The district court did not err by permitting government witnesses to testify about
Martin’s possession of a firearm and a machete because that testimony was highly
relevant. Martin argued at trial that the excessively militarized nature of his arrest
“intimidat[ed]” him, leading him to deny possessing the firearm when he was questioned
by police. App’x 335–37. Because Martin relied on this defense theory, testimony from
police officers about their knowledge of Martin’s possession and use of weapons was
relevant to explaining the tactical-unit’s presence at the execution of the search warrant
and arrest. See, e.g., Stillman v.
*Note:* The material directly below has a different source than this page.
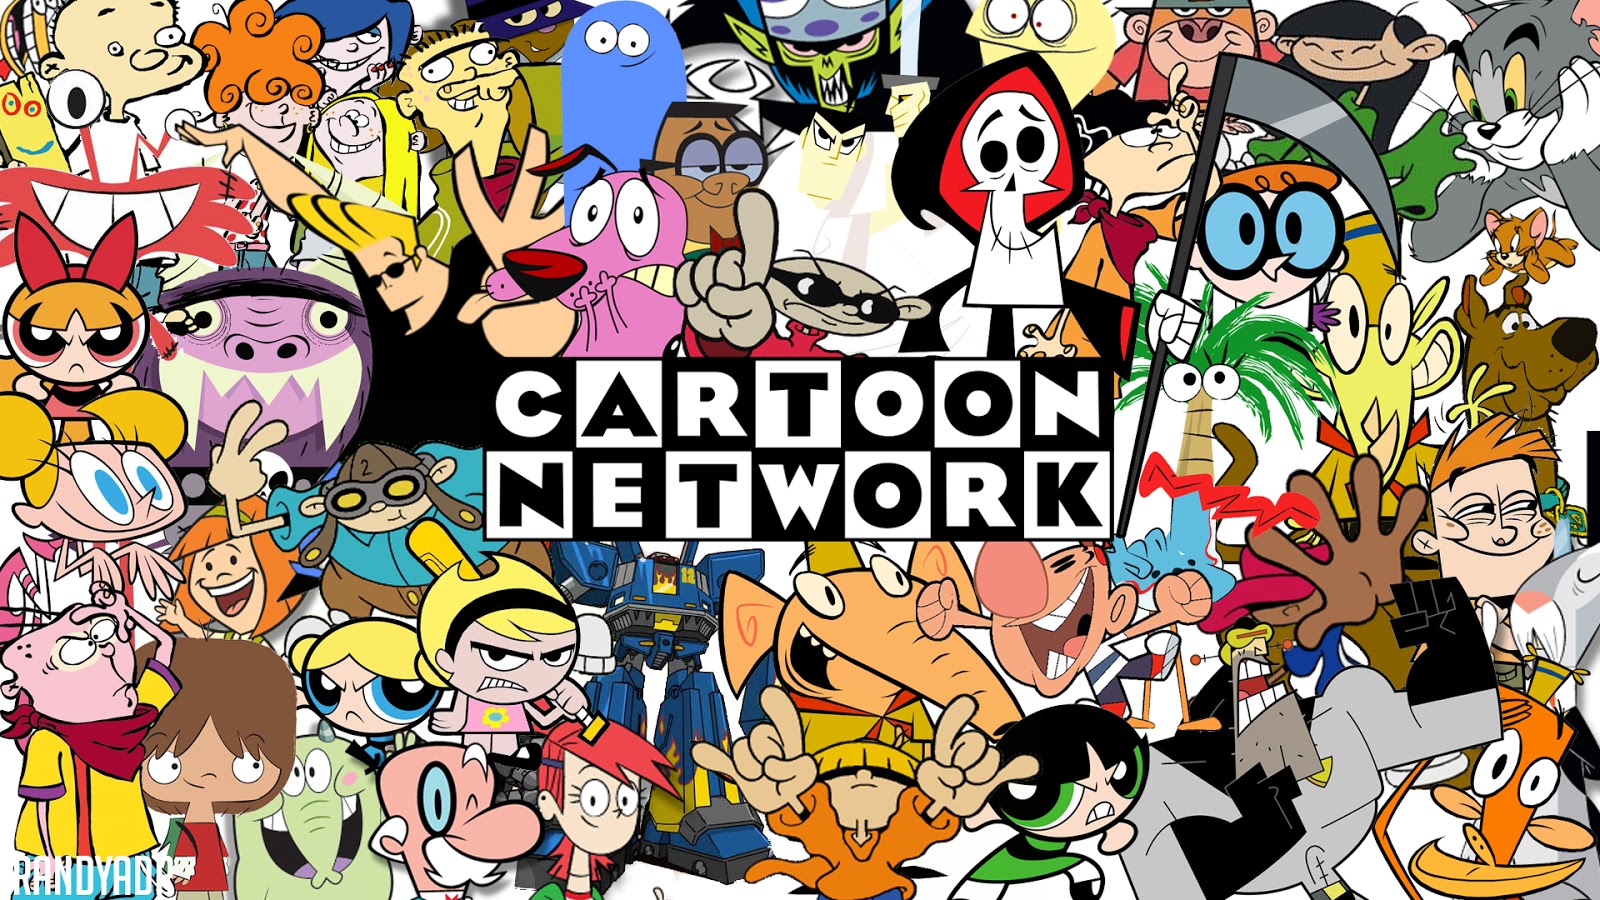 Favorite Cartoon Network show(s) from the 2000s? - Hollywood - OneHallyu

InService Am., Inc., 455 F. App’x 48, 50 (2d Cir. 2012)
(summary order) (explaining that evidence was relevant and admissible because it
rebutted a theory advanced by the opposing party); see also Paolitto v. John Brown E. & C.,
Inc., 151 F.3d 60, 66 (2d Cir. 1998) (reasoning that when an opposing party’s evidence
results in a “false impression,” the opposing party “open[s] the door” to evidence
“otherwise inadmissible” (internal quotation marks and citation omitted)).
7 The probative value of the challenged testimony was not substantially outweighed
by unfair prejudice or any of the other Rule 403 considerations. The district court limited
the government witnesses’ testimony only to what was necessary to explain their
understanding of the risk of violence during the arrest, rejecting as unfairly prejudicial
the government’s request to introduce the search warrant or to discuss the state crimes
outlined in that warrant. Cf. United States v. Royer, 549 F.3d 886, 902–03 (2d Cir. 2008)
(affirming a similar, conscientious assessment by a district court).
Likewise, Martin’s claim that the district court abused its discretion by allowing
the government to cross-examine him about his prior false statements is also without
merit. Cross-examination of “[s]pecific [i]nstances of [c]onduct” that are “probative of
the character for . . . untruthfulness” is permissible under Federal Rule of Evidence
608(b). Fed. R. Evid. 608(b). And the district court “conscientiously balanced the
proffered evidence’s probative value with the risk for prejudice.” United States v. Al-
Moayad, 545 F.3d 139, 159 (2d Cir. 2008) (citation omitted); see Fed. R. Evid. 403. The
probative value of the evidence was high because Martin placed his credibility at issue
when, in support of his sole defense of lack of knowledge of his felony conviction, he
testified that he did not know that his prior conviction was a felony and that he falsely
told officers he did not possess a firearm because he was intimidated by the large police
presence at his arrest.
8 We are also unpersuaded that the cross-examination referencing Martin’s prior
possession of morphine and an unrelated firearm was unfairly prejudicial. Martin had
already testified on direct examination that he previously committed a crime and was
sentenced to five years’ probation, and that he smoked marijuana and had taken
intoxicating medications. More importantly, Martin had already admitted in his direct
testimony that he possessed the firearm that was the subject of his Section 922(g)(1)
charge. The district court also took steps to sanitize the government’s cross-examination
to ensure that it was not unfairly prejudicial. Because the likelihood that the cross-
examination would result in undue prejudice was minimal compared to its strong
probative value, the district court did not abuse its discretion in permitting the
questioning. See Fed. R. Evid. 403; United States v. Rosemond, 958 F.3d 111, 125 (2d Cir.
2020).
* * *
We have considered Martin’s remaining arguments and conclude they are without
merit. For the reasons set forth above, the judgment of the district court is AFFIRMED.